Exclude all images and print the entries below exactly.

[Source records]
──────────

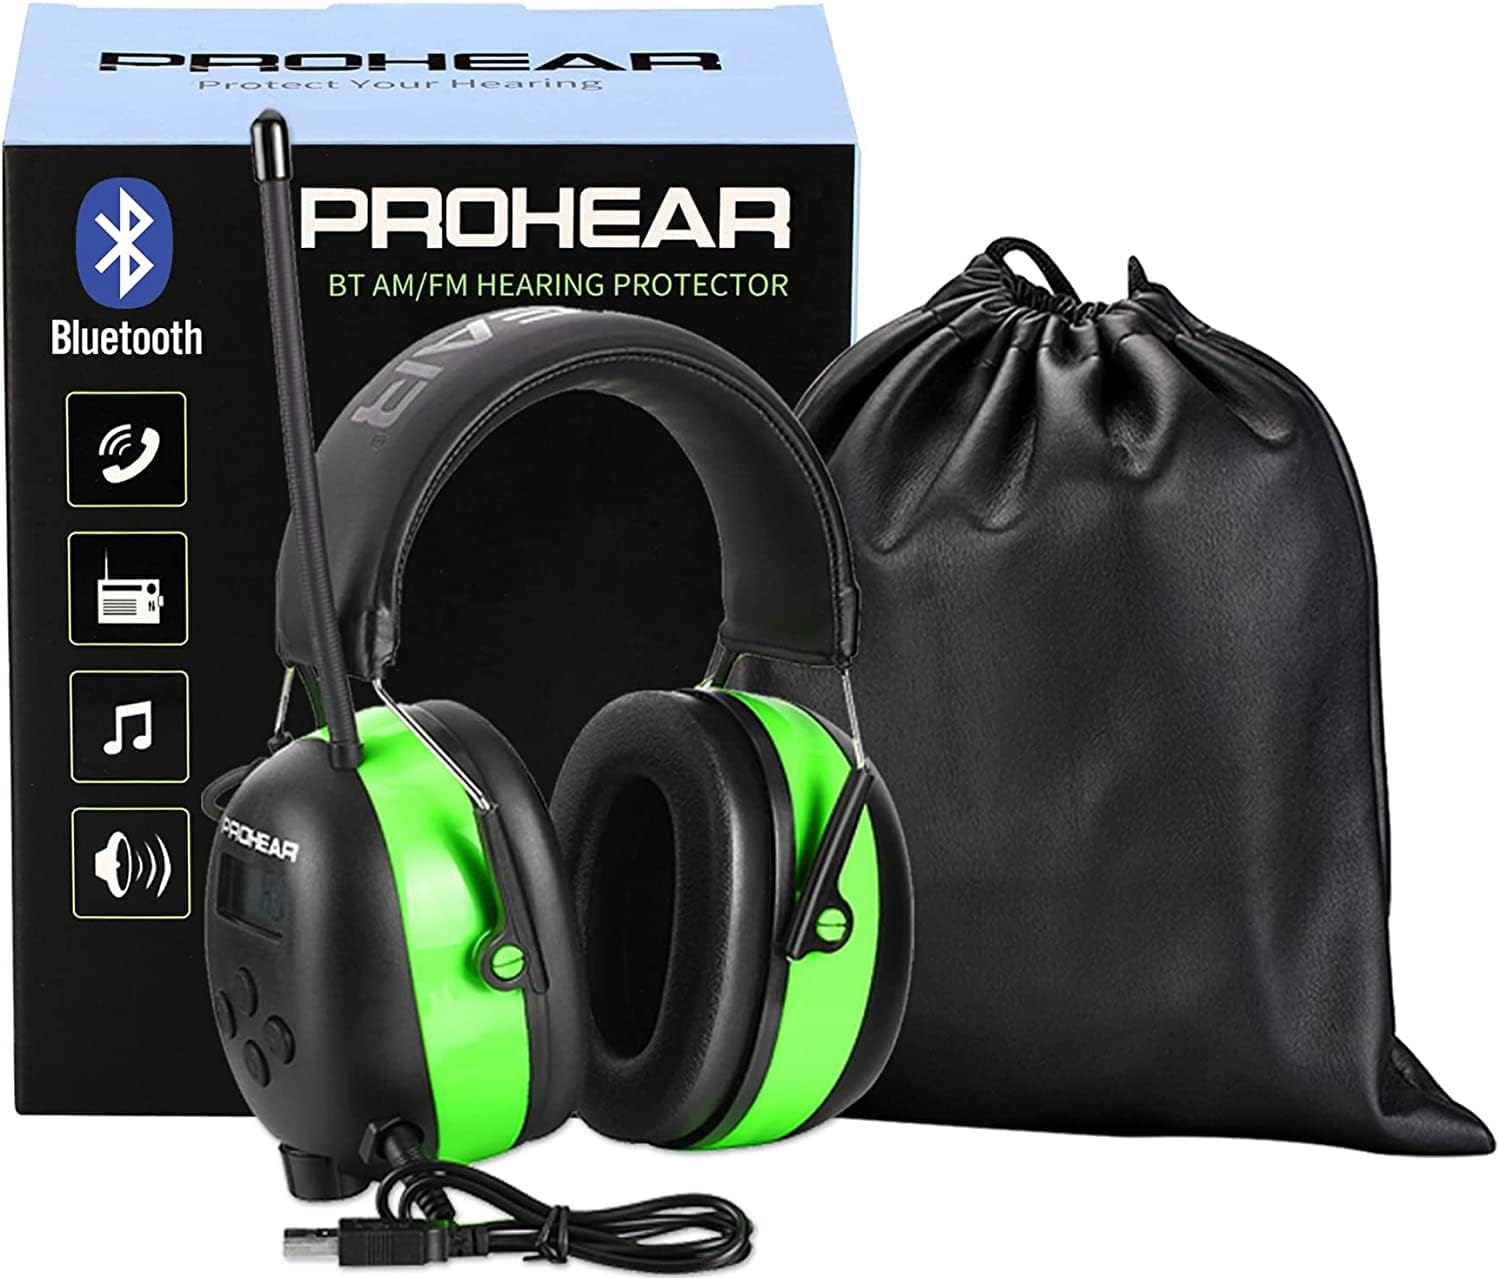 PROHEAR 033 Upgraded 5.1 Bluetooth Hearing Protection AM FM Radio Headphones, Noise Reduction Safety Earmuffs with Rechargeable 2000 mA
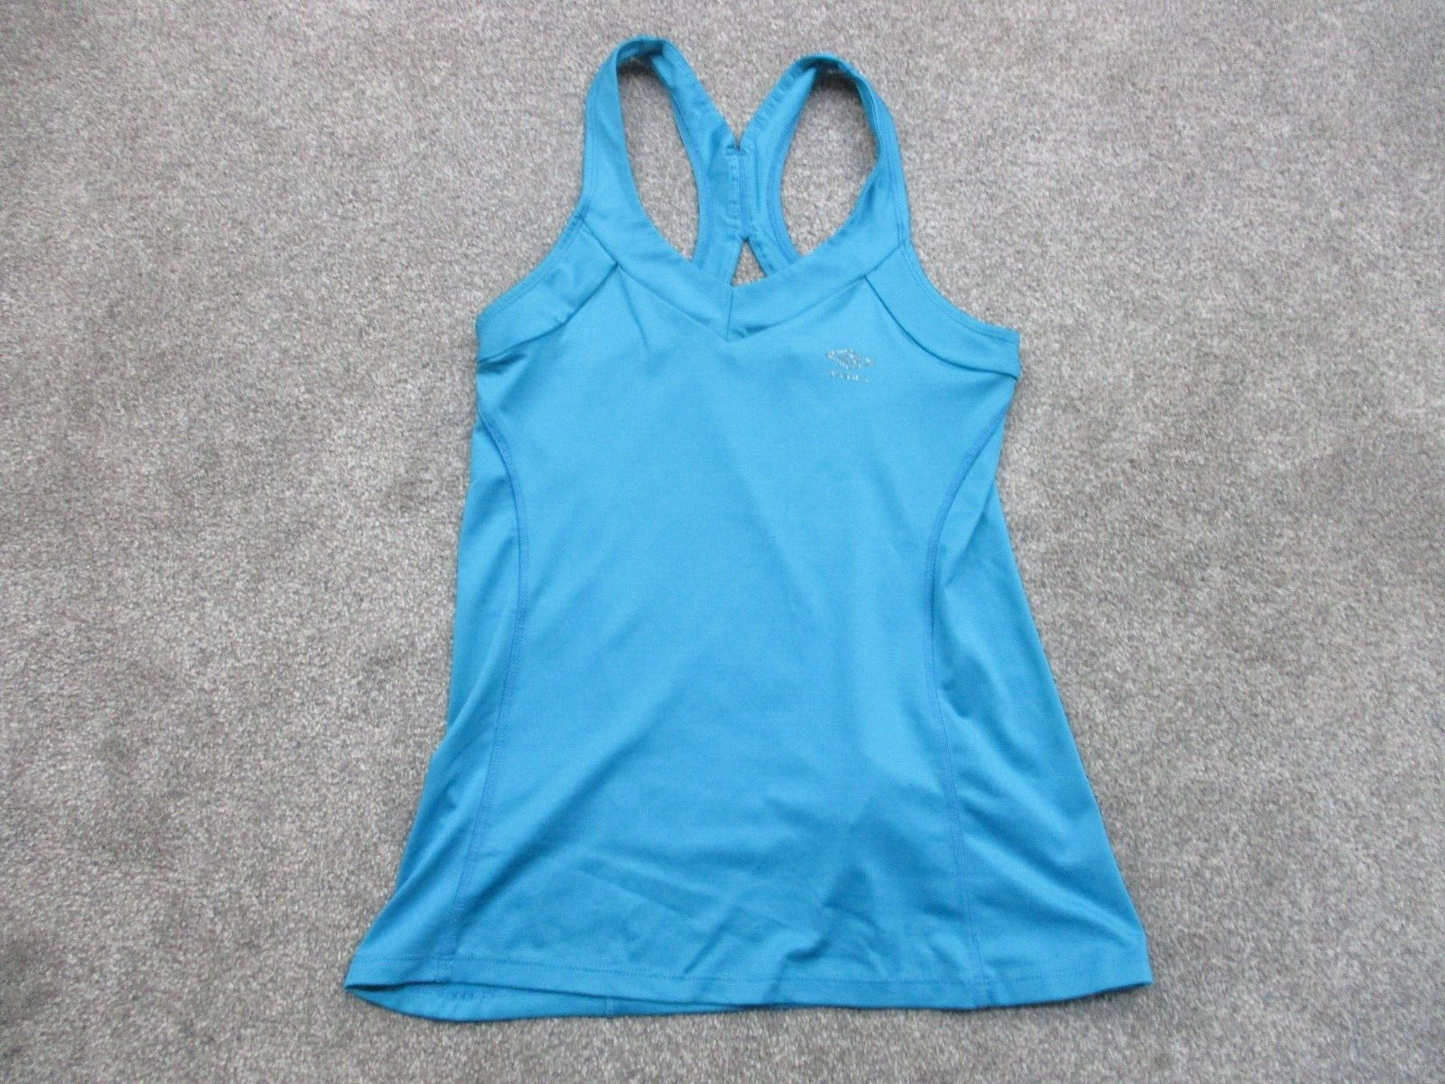 Umbro Tank Top Womens Size Small Blue Athletic Top Sleeveless V-Neck Solid
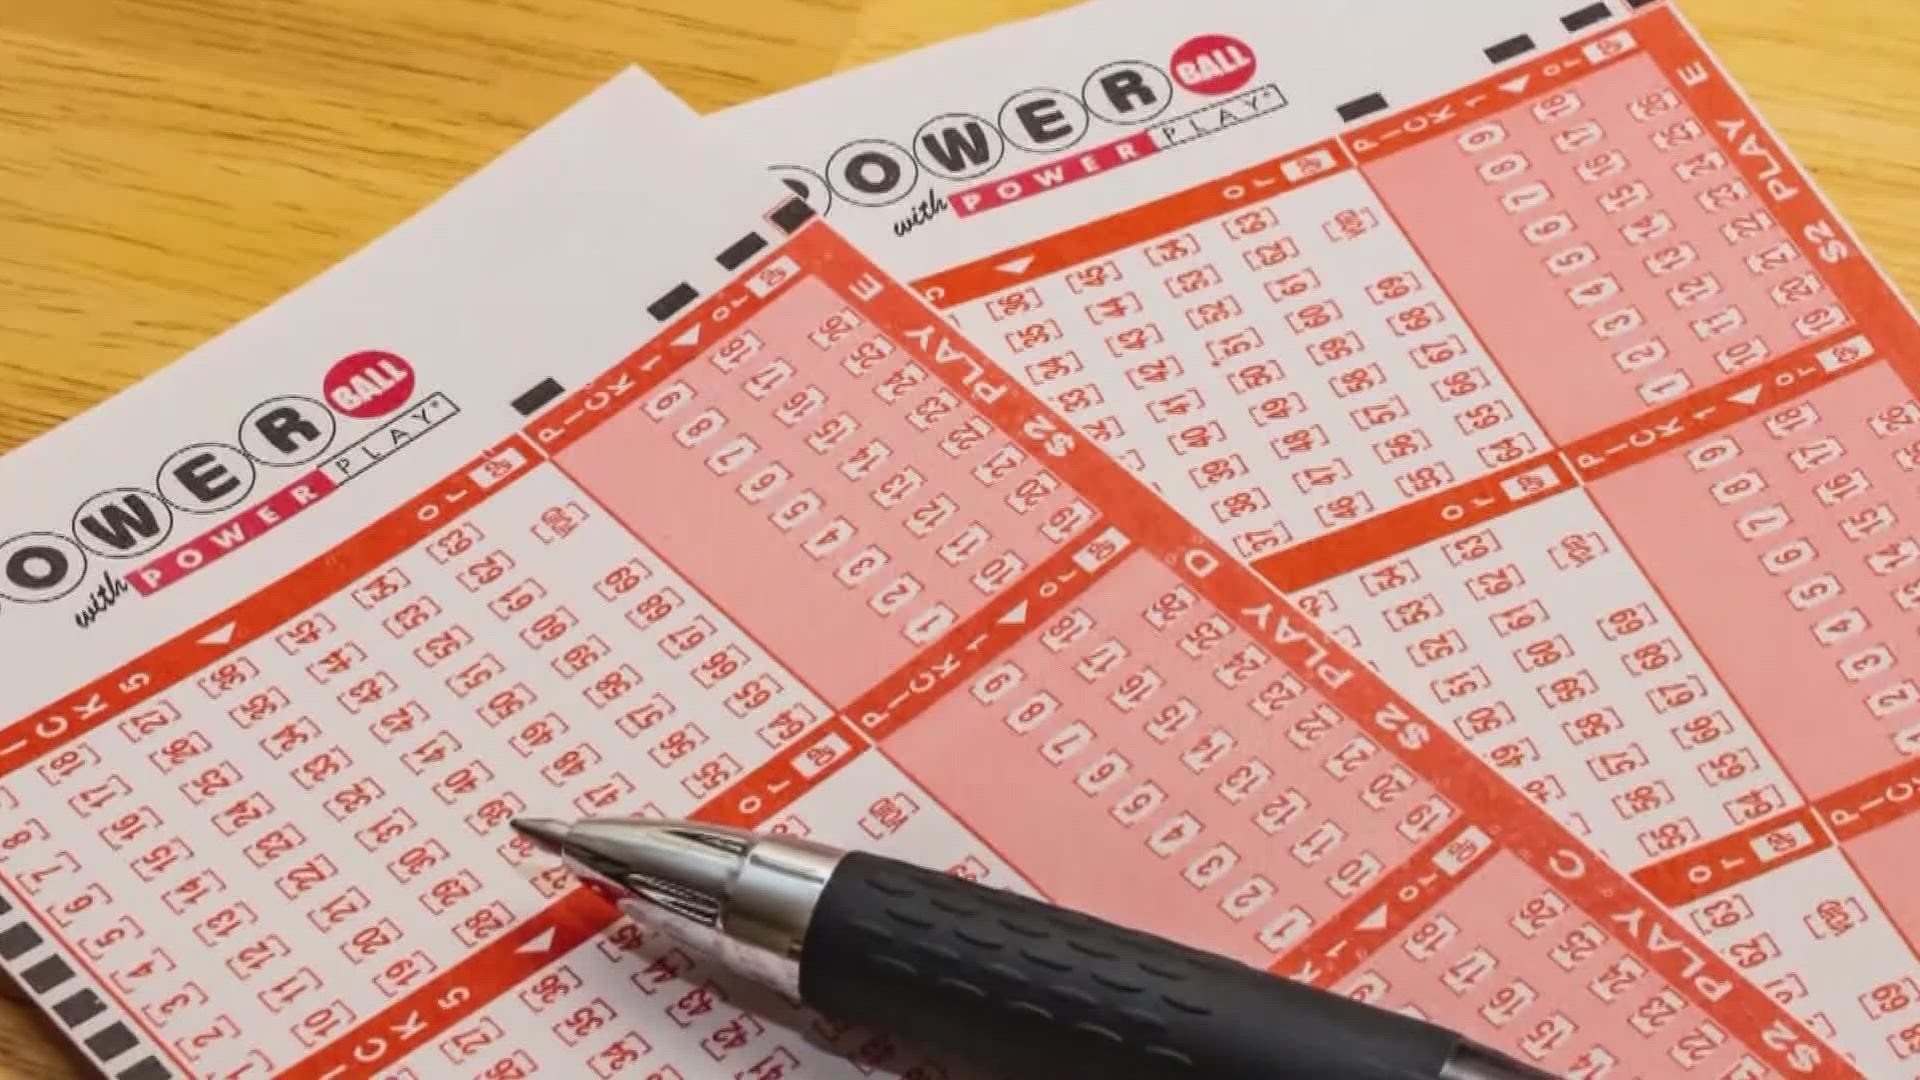 After 39 drawings without a grand prize winner, the Powerball jackpot has reached an astronomical sum, cementing it as the biggest U.S. lottery jackpot ever.
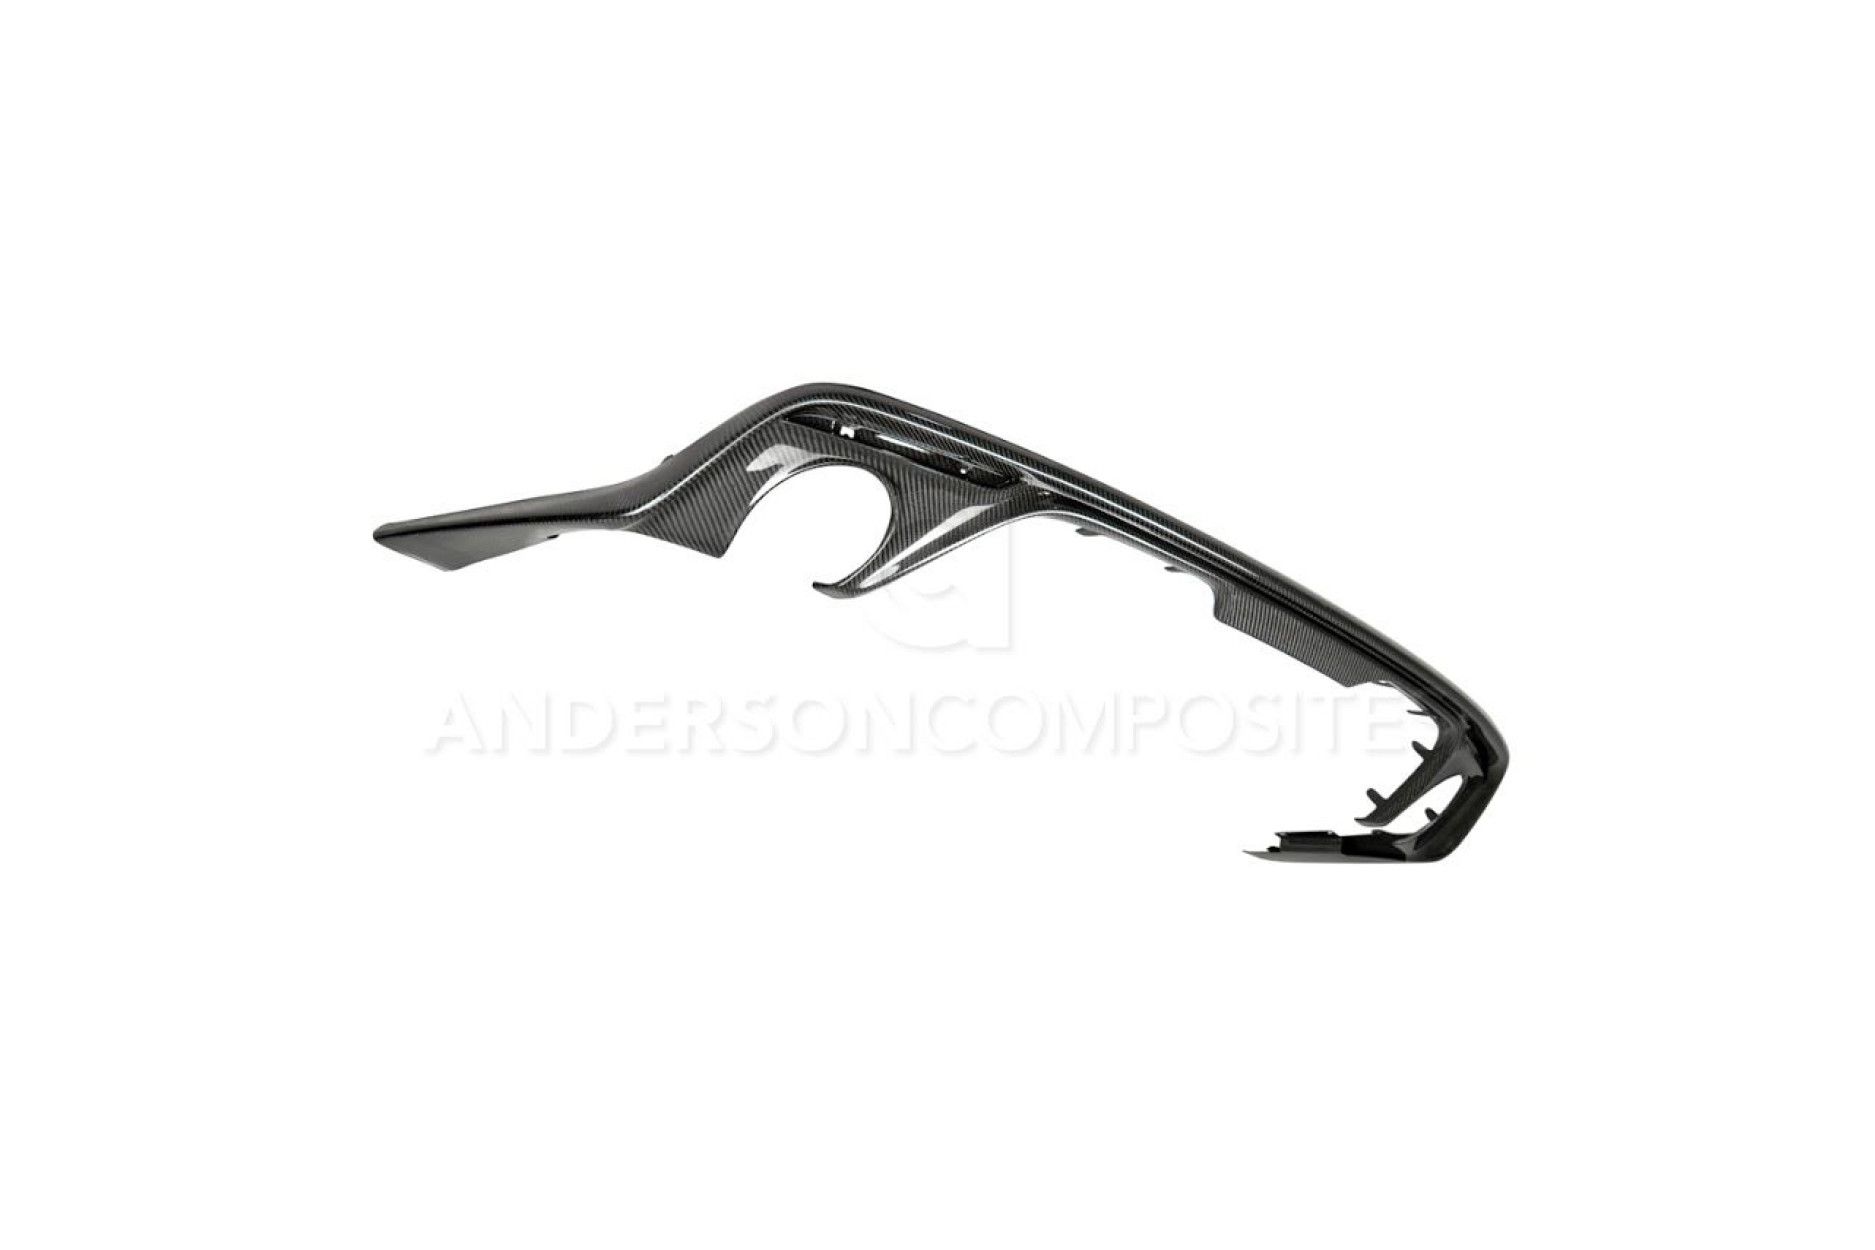 Anderson Composites Type-OE carbon fiber rear valance for 2015-2017 Ford Mustang
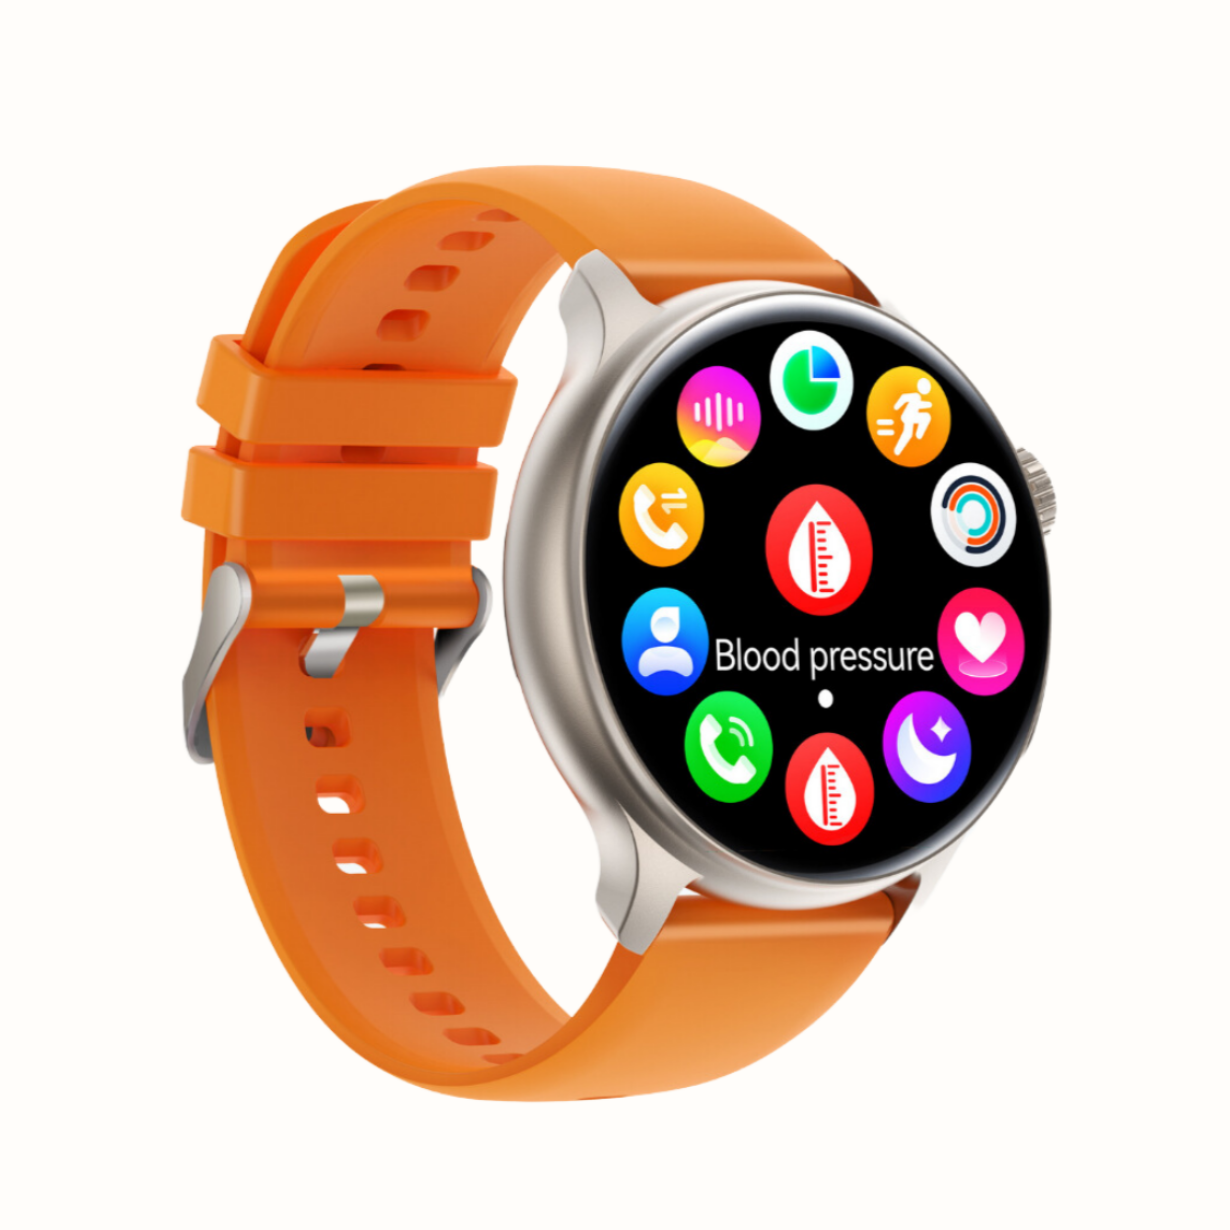 K58 Unisex Smartwatch, AMOLED Display, Setup with Android device, Setup with Apple Device, Water resistance - IP68, Best Smart Watch, 2023, Track Activity,Track WOmens Health, Pedometer, Calorie Monitor, Sleep Tracking, Heart Rate Monitor, Blood Oxygen Monitor- Spo2, Multisport Mode, Color- Orange

──────────

**Answer to this problem:**
 PROHEAR 033 Upgraded 5.1 Bluetooth Hearing Protection AM FM Radio Headphones, Noise Reduction Safety Earmuffs with Rechargeable 2000 mA
 Umbro Tank Top Womens Size Small Blue Athletic Top Sleeveless V-Neck Solid
 After 39 drawings without a grand prize winner, the Powerball jackpot has reached an astronomical sum, cementing it as the biggest U.S. lottery jackpot ever.
 Anderson Composites Type-OE carbon fiber rear valance for 2015-2017 Ford Mustang
 K58 Unisex Smartwatch, AMOLED Display, Setup with Android device, Setup with Apple Device, Water resistance - IP68, Best Smart Watch, 2023, Track Activity,Track WOmens Health, Pedometer, Calorie Monitor, Sleep Tracking, Heart Rate Monitor, Blood Oxygen Monitor- Spo2, Multisport Mode, Color- Orange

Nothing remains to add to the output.